This paper describes an efficient network architecture and a set of two hyper-parameters in order to build very small, low latency models that can be easily matched to the design requirements for mobile and embedded vision applications. 

Section 2 reviews prior work in building small
models. Section 3 describes the MobileNet architecture and two hyper-parameters width multiplier and resolution mul- tiplier to define smaller and more efficient MobileNets. Sec- tion 4 describes experiments on ImageNet as well a variety of different applications and use cases. Section 5 closes with a summary and conclusion.

1.介绍
卷积神经网络自从AlexNet[19]通过赢得ImaNet挑战：ILSVRC 2012 [24]推广深度卷积神经网络以来，已经成为计算机视觉领域的无处不在。总体趋势是为了达到更高的准确性而做出更深更复杂的网络[27,31,29,8]。然而，这些提高精确度的进步并不一定使网络在尺寸和速度方面更有效率。在许多真实世界的应用中，例如机器人，自驾车和增强现实，识别任务需要在计算有限的平台上及时进行。
本文描述了一个高效的网络体系结构和包含两个超参数的一个集合，以建立非常小的低延迟模型，可以很容易地匹配移动和嵌入式视觉应用的设计要求。第二部分回顾以前的工作，建设小型楷模。第3节描述了MobileNet架构和两个超参数宽度乘法器和分辨率乘法器，以定义更小和更高效的MobileNets。第4节介绍ImageNet上的实验以及各种不同的应用和用例。第五部分总结总结。

2. Prior Work
There has been rising interest in building small and effi- cient neural networks in the recent literature, e.g. [16, 34, 12, 36, 22]. Many different approaches can be generally categorized into either compressing pretrained networks or training small networks directly. This paper proposes a class of network architectures that allows a model devel- oper to specifically choose a small network that matches the resource restrictions (latency, size) for their application. MobileNets primarily focus on optimizing for latency but also yield small networks. Many papers on small networks focus only on size but do not consider speed.
MobileNets are built primarily from depthwise separable convolutions initially introduced in [26] and subsequently used in Inception models [13] to reduce the computation in the first few layers. Flattened networks [16] build a network out of fully factorized convolutions and showed the poten- tial of extremely factorized networks. Independent of this current paper, Factorized Networks[34] introduces a similar factorized convolution as well as the use of topological con- nections. Subsequently, the Xception network [3] demon- strated how to scale up depthwise separable filters to out perform Inception V3 networks. Another small network is Squeezenet [12] which uses a bottleneck approach to design a very small network. Other reduced computation networks include structured transform networks [28] and deep fried convnets [37].

2.以前的工作
在近来的文献中，人们越来越关注构建小而有效的神经网络， [16,34,12,36,22]。通常可以将许多不同的方法分为压缩预训练网络或直接训练小网络。本文提出了一种网络体系结构，允许模型开发人员专门选择与其应用程序的资源限制（延迟，大小）相匹配的小型网络。 MobileNets主要专注于优化延迟，但也产生小型网络。许多关于小型网络的论文只关注尺寸，但不考虑速度。
MobileNets主要是由最初在[26]中引入的深度可分卷积构建的，随后被用于Inception模型[13]以减少前几层中的计算。扁平网络[16]利用完全因式分解的卷积建立一个网络，并显示出极端因式分解网络的潜力。独立于当前的论文，因式分解网络[34]引入了类似的分解卷积以及拓扑连接的使用。随后，Xception网络[3]演示了如何扩展深度分离滤波器来执行Inception V3网络。另一个小型网络是Squeezenet [12]，它使用瓶颈方法来设计一个非常小的网络。其他简化的计算网络包括结构化变换网络[28]和深炸鱼网[37]。
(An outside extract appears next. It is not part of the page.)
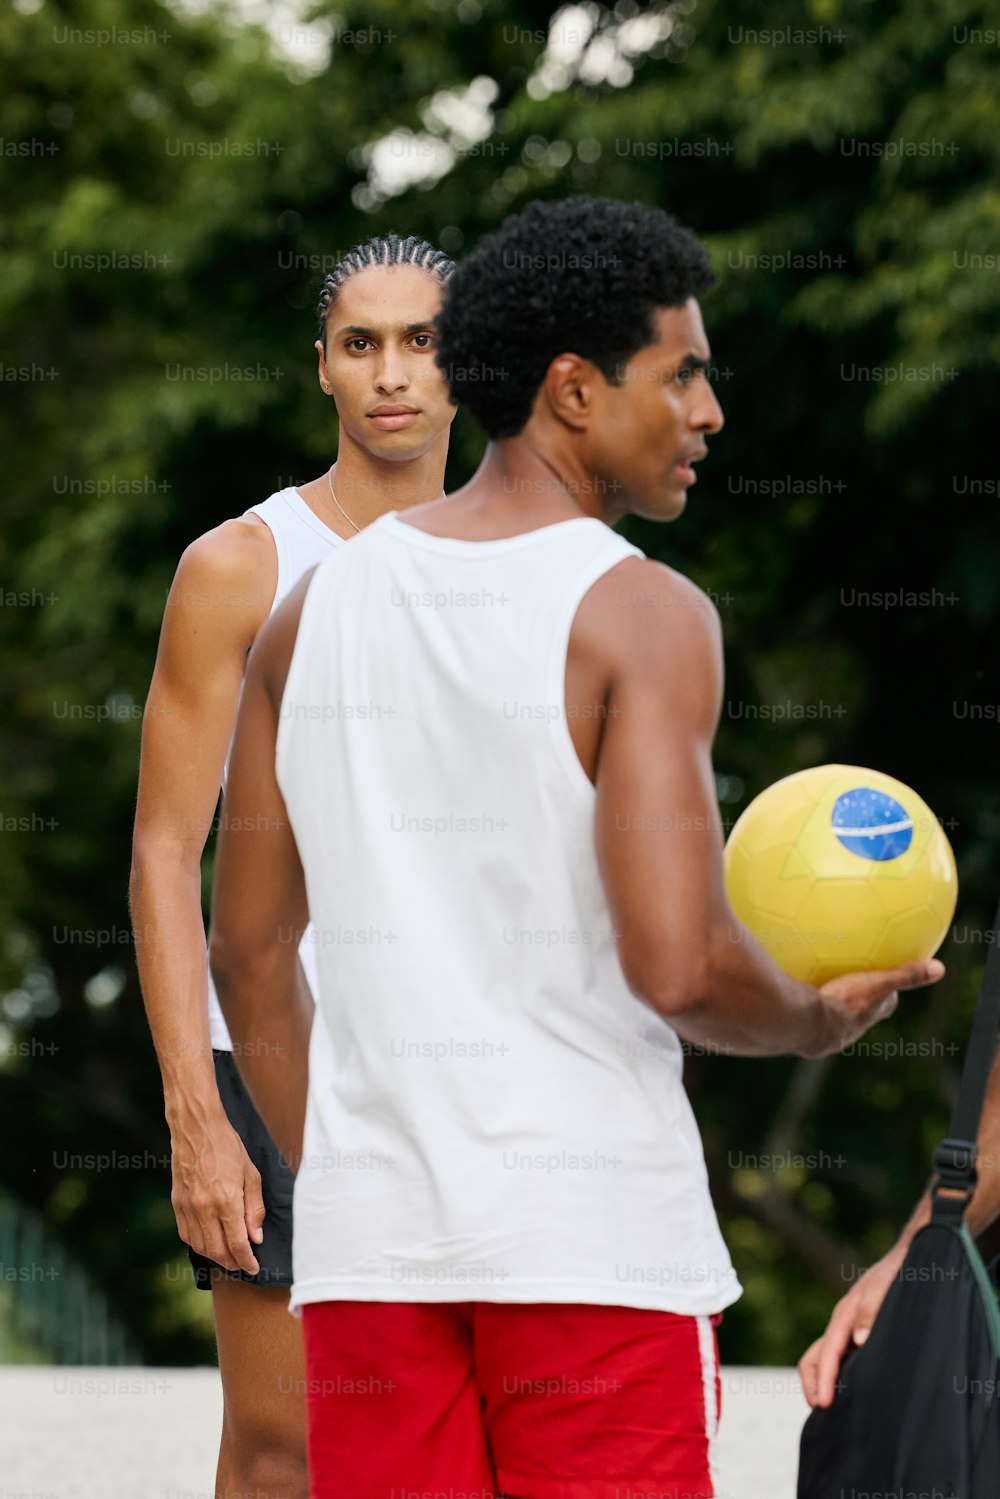 un uomo che tiene un frisbee giallo accanto a un altro uomo

A different approach for obtaining small networks is shrinking, factorizing or compressing pretrained networks. Compression based on product quantization [36], hashing [2], and pruning, vector quantization and Huffman coding [5] have been proposed in the literature. Additionally var- ious factorizations have been proposed to speed up pre- trained networks [14, 20]. Another method for training small networks is distillation [9] which uses a larger net- work to teach a smaller network. It is complementary to our approach and is covered in some of our use cases in section 4. Another emerging approach is low bit networks [4, 22, 11].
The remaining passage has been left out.